> [AIM OF THE EXERCISE]
Given the entries that follow, write out exactly the lines starting at the one containing "Un voilier évoque" and ending at the one containing "Captain May IPA", both ends included, and only those.

────────────────────

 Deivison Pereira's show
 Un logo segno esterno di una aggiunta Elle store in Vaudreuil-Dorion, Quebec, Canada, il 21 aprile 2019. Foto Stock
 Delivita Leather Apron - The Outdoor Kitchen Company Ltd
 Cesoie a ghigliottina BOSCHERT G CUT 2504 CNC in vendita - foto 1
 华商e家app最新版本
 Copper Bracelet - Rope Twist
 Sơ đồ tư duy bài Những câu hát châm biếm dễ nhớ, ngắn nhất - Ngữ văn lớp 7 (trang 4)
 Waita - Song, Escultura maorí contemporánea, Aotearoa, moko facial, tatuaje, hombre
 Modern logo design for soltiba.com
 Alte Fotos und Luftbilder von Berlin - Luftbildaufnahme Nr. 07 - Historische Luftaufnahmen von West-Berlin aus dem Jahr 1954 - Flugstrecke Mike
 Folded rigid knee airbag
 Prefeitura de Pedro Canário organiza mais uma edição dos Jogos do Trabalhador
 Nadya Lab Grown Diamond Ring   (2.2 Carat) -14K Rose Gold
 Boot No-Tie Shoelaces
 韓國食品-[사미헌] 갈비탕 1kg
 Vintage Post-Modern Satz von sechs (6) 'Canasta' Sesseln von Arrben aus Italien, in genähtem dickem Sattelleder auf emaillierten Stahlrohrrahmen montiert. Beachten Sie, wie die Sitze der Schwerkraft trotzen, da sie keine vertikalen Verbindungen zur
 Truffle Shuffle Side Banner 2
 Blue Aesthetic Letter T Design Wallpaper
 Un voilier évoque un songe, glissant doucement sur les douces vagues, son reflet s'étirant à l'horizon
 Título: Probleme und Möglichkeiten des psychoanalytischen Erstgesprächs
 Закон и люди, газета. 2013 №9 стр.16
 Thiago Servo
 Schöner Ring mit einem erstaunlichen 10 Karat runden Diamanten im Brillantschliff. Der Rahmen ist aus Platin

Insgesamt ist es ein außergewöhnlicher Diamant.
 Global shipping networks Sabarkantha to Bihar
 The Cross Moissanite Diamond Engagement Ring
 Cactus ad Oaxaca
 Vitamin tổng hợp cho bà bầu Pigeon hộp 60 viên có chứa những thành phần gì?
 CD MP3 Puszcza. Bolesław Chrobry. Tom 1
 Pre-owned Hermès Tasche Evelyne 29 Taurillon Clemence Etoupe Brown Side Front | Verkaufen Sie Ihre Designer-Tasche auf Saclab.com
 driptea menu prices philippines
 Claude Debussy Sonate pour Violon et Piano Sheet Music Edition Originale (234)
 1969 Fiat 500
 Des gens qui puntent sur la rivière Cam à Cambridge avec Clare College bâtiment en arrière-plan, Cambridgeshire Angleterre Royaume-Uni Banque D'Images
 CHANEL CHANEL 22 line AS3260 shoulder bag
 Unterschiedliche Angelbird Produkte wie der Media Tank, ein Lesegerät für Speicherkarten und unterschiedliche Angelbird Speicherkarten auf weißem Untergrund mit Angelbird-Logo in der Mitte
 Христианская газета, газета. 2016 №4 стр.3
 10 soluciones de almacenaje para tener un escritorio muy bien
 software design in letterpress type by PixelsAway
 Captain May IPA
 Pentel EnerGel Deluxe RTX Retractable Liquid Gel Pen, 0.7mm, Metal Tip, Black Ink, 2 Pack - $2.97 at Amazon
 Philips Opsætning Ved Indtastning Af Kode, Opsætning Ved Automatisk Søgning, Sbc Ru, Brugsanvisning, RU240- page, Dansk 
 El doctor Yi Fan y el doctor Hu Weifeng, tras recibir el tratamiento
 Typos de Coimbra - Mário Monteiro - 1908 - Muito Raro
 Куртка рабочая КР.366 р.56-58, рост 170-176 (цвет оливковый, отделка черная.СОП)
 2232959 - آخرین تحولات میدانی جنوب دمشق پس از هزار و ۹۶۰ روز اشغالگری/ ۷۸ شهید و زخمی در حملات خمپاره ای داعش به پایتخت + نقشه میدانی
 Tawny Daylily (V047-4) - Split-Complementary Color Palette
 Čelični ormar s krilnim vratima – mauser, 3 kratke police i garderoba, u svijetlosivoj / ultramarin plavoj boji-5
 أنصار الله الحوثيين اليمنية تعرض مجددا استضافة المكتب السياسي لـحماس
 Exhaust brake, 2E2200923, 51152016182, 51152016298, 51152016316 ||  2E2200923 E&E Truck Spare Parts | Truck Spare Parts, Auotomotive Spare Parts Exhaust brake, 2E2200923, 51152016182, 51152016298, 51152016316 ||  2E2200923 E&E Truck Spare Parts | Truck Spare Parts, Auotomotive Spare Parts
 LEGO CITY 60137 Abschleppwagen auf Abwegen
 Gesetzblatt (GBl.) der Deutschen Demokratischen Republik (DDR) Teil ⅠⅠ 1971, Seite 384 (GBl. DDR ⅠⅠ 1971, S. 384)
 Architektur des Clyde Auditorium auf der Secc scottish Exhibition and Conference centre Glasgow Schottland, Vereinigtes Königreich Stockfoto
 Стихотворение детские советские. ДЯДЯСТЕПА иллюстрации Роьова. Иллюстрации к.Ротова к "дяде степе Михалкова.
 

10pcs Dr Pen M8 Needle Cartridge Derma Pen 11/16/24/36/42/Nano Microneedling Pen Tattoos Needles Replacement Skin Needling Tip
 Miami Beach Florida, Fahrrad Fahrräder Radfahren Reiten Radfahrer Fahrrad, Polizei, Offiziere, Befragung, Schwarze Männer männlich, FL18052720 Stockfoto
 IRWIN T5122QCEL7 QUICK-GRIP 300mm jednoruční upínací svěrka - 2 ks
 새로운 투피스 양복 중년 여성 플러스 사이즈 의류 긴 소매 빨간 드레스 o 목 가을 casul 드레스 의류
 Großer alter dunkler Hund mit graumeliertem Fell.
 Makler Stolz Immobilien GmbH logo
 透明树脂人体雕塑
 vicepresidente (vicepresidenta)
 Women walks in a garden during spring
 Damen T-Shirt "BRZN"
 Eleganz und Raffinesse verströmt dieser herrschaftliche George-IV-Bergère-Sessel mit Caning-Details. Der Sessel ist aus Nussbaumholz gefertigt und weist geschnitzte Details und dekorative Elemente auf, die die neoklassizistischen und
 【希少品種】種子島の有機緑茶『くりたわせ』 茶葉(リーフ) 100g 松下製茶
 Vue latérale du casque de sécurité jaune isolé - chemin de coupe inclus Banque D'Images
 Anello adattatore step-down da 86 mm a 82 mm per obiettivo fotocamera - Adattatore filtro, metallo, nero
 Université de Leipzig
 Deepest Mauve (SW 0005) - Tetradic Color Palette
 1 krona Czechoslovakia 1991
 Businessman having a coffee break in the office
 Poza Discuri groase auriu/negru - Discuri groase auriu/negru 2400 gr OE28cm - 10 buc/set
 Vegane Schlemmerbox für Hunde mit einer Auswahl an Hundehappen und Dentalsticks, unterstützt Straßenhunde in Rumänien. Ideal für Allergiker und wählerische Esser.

────────────────────

> [SOLUTION]
 Un voilier évoque un songe, glissant doucement sur les douces vagues, son reflet s'étirant à l'horizon
 Título: Probleme und Möglichkeiten des psychoanalytischen Erstgesprächs
 Закон и люди, газета. 2013 №9 стр.16
 Thiago Servo
 Schöner Ring mit einem erstaunlichen 10 Karat runden Diamanten im Brillantschliff. Der Rahmen ist aus Platin

Insgesamt ist es ein außergewöhnlicher Diamant.
 Global shipping networks Sabarkantha to Bihar
 The Cross Moissanite Diamond Engagement Ring
 Cactus ad Oaxaca
 Vitamin tổng hợp cho bà bầu Pigeon hộp 60 viên có chứa những thành phần gì?
 CD MP3 Puszcza. Bolesław Chrobry. Tom 1
 Pre-owned Hermès Tasche Evelyne 29 Taurillon Clemence Etoupe Brown Side Front | Verkaufen Sie Ihre Designer-Tasche auf Saclab.com
 driptea menu prices philippines
 Claude Debussy Sonate pour Violon et Piano Sheet Music Edition Originale (234)
 1969 Fiat 500
 Des gens qui puntent sur la rivière Cam à Cambridge avec Clare College bâtiment en arrière-plan, Cambridgeshire Angleterre Royaume-Uni Banque D'Images
 CHANEL CHANEL 22 line AS3260 shoulder bag
 Unterschiedliche Angelbird Produkte wie der Media Tank, ein Lesegerät für Speicherkarten und unterschiedliche Angelbird Speicherkarten auf weißem Untergrund mit Angelbird-Logo in der Mitte
 Христианская газета, газета. 2016 №4 стр.3
 10 soluciones de almacenaje para tener un escritorio muy bien
 software design in letterpress type by PixelsAway
 Captain May IPA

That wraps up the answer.